The Meta-DiffuB framework is proposed - a novel scheduler-exploiter S2S-Diffusion paradigm designed to overcome the limitations of existing S2S-Diffusion models and achieves state-of-the-art performance compared to previous S2S-Diffusion models and fine-tuned pre-trained language models (PLMs) across four Seq2Seq benchmark datasets.

Abstract

The diffusion model, a new generative modeling paradigm, has achieved significant success in generating images, audio, video, and text. It has been adapted for sequence-to-sequence text generation (Seq2Seq) through DiffuSeq, termed S2S Diffusion. Existing S2S-Diffusion models predominantly rely on fixed or hand-crafted rules to schedule noise during the diffusion and denoising processes. However, these models are limited by non-contextualized noise, which fails to fully consider the characteristics of Seq2Seq tasks.
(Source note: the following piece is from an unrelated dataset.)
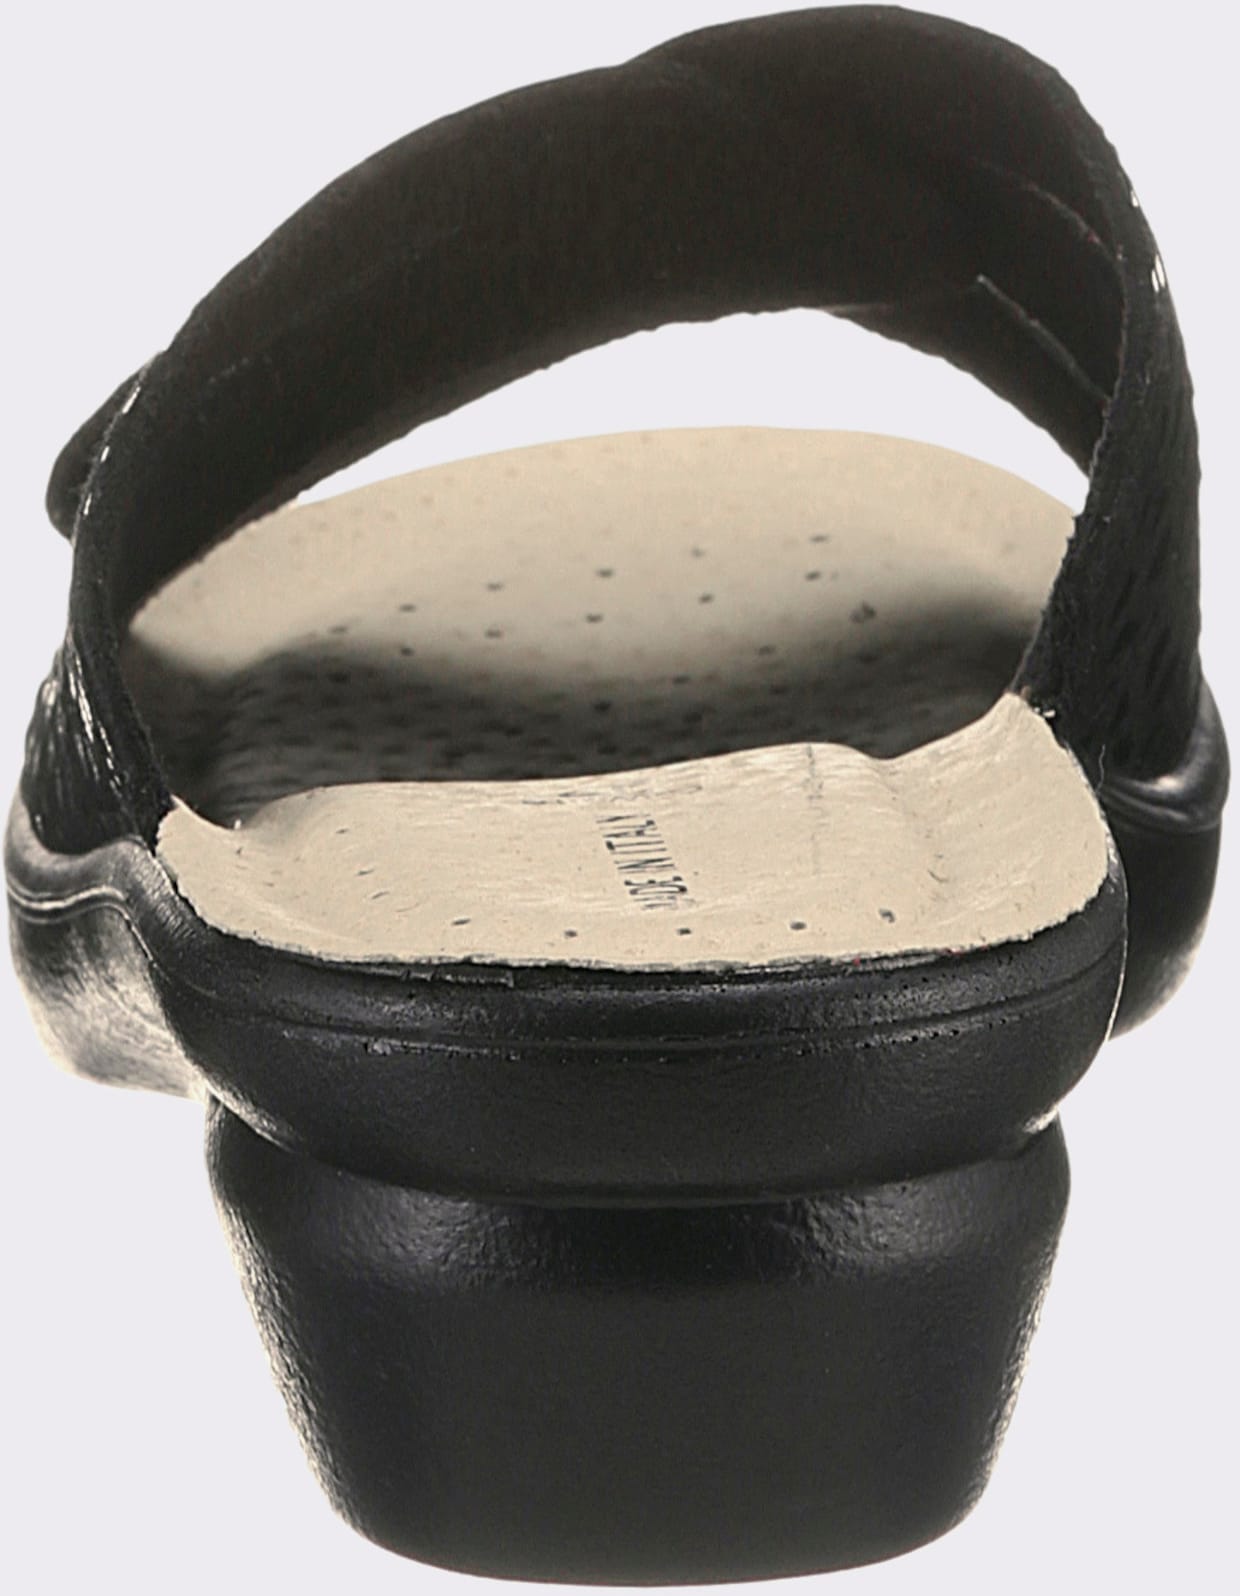 airsoft comfort+ slippers - zwart gedessineerd

In this paper, we propose the Meta-DiffuB framework - a novel scheduler-exploiter S2S-Diffusion paradigm designed to overcome the limitations of existing S2S-Diffusion models. We employ Meta-Exploration to train an additional scheduler model dedicated to scheduling contextualized noise for each sentence. Our exploiter model, an S2S-Diffusion model, leverages the noise scheduled by our scheduler model for updating and generation. Meta-DiffuB achieves state-of-the-art performance compared to previous S2S-Diffusion models and fine-tuned pre-trained language models (PLMs) across four Seq2Seq benchmark datasets. We further investigate and visualize the impact of Meta-DiffuB's noise scheduling on the generation of sentences with varying difficulties. Additionally, our scheduler model can function as a "plug-and-play" model to enhance DiffuSeq without the need for fine-tuning during the inference stage.

Paper Structure

This paper contains 37 sections, 7 equations, 4 figures, 13 tables, 1 algorithm.

Figures (4)

  • Figure 1: Comparison between S2S-Diffusion model (i.e., DiffuSeq 2022diffusionlm2022) and the proposed Meta-Diffu$B$. The shades of color represent different amounts of noise being imposed. Different from prior works that use a fixed noise, we introduce a novel scheduler-exploiter framework, Meta-Diffu$B$, which achieves trainable noise scheduling inspired by Meta Exploration. Our scheduler model schedules contextualized noise, enhancing the training and generation of the S2S-Diffusion model, resulting in state-of-the-art (SOTA) performance compared to previous S2S-Diffusion models, as detailed in Section \ref{['sec: Experimental']}.
  • Figure 2: Increase in BLEU score with varying candidate sizes $|S|$ on the QQP and WA datasets.
  • Figure 3: Visualization of noise scheduling for each S2S-Diffusion model on the QQP and WA datasets. $\overline{\beta}_t$ represents the average noise imposed on sentences at diffusion step $t$. Unlike other models, which impose the same noise on all sentences, our Meta-Diffu$B$ ($D_\theta$ = DiffuSeq) varies the noise levels.
  • Figure 4: Adaptive noise scheduling for each S2S-Diffusion model on the QQP and WA datasets. $\Sigma \boldsymbol{\beta}$ represents the total amount of noise imposed in each training epoch.